What to work on:
Copy all data exactly. Skip pictures.

Dataset content:
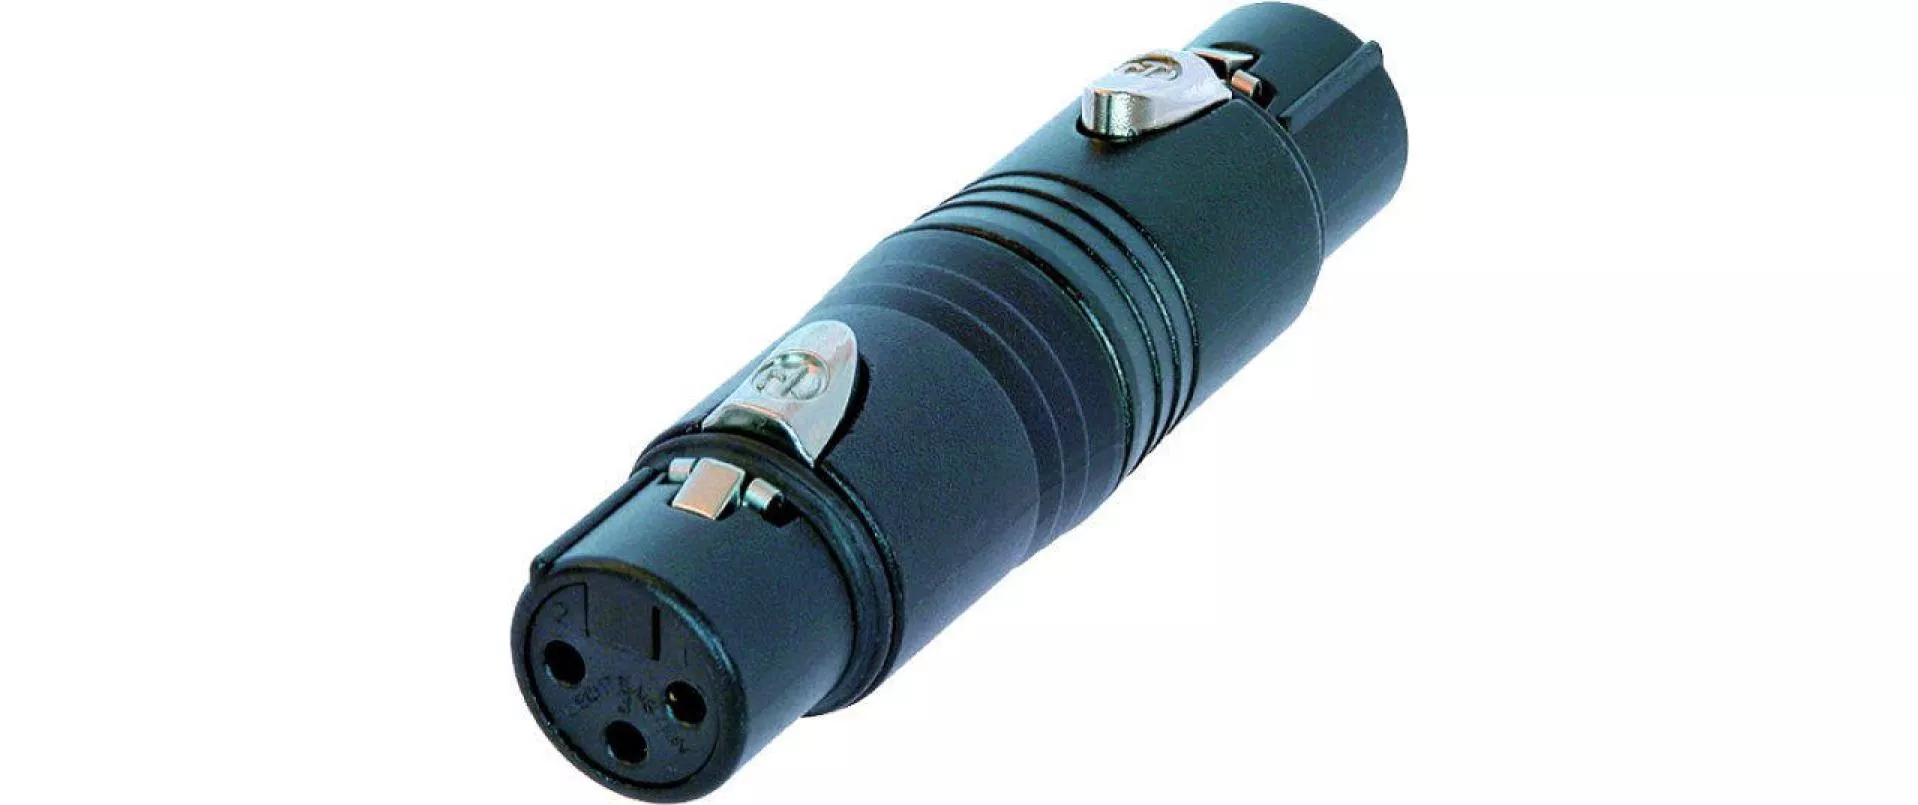 Audio-Adapter XLR 3 Pole, female - XLR 3 Pole, female
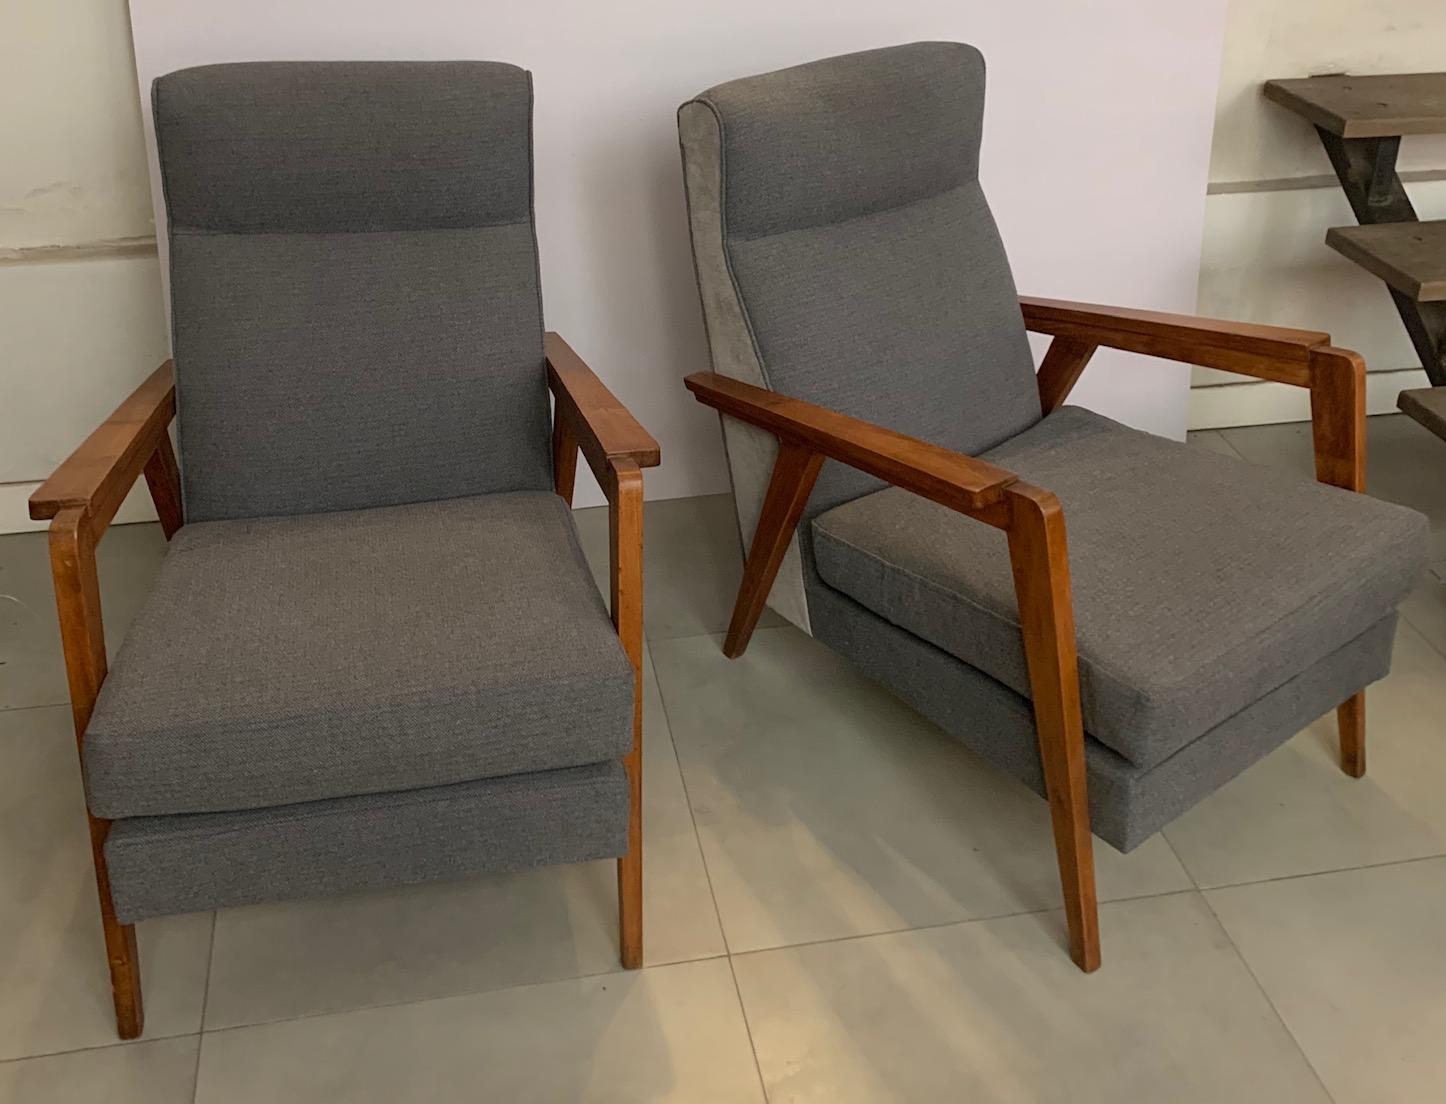 Zwei französische Sessel aus Eichenholz im Design der 1950er Jahre, die mit einem zweifarbigen weißen Wollstoff neu gepolstert worden sind.
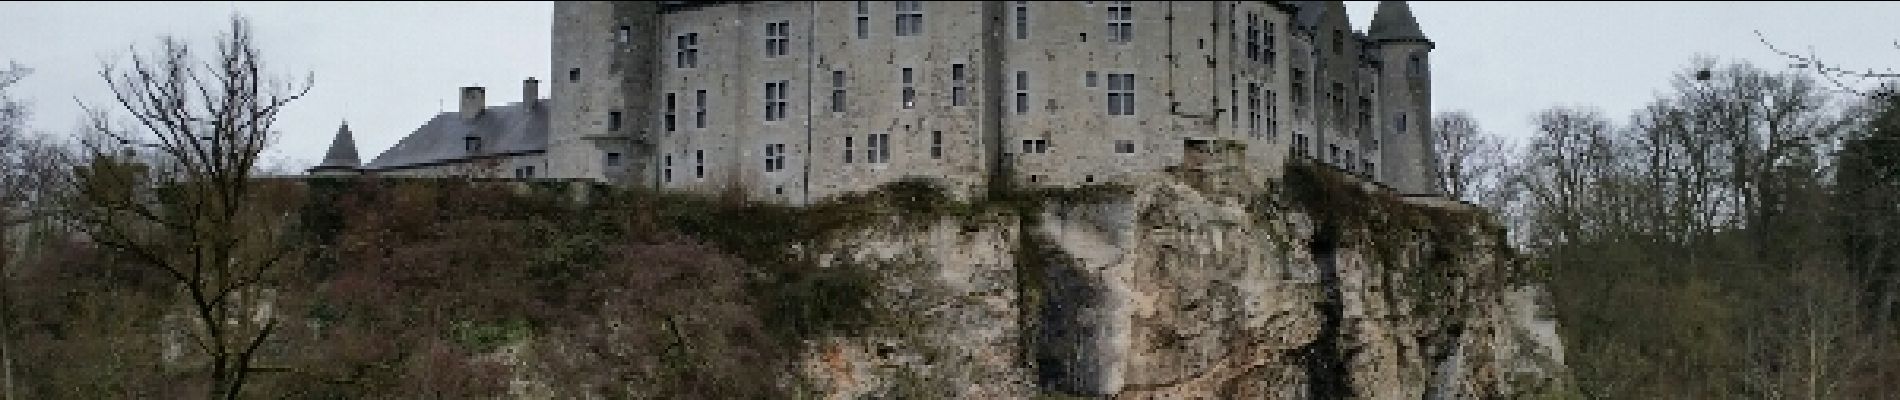 Point d'intérêt Dinant - Château de Walzin - Photo

Completed exercise:
 Audio-Adapter XLR 3 Pole, female - XLR 3 Pole, female
 Zwei französische Sessel aus Eichenholz im Design der 1950er Jahre, die mit einem zweifarbigen weißen Wollstoff neu gepolstert worden sind.
 Point d'intérêt Dinant - Château de Walzin - Photo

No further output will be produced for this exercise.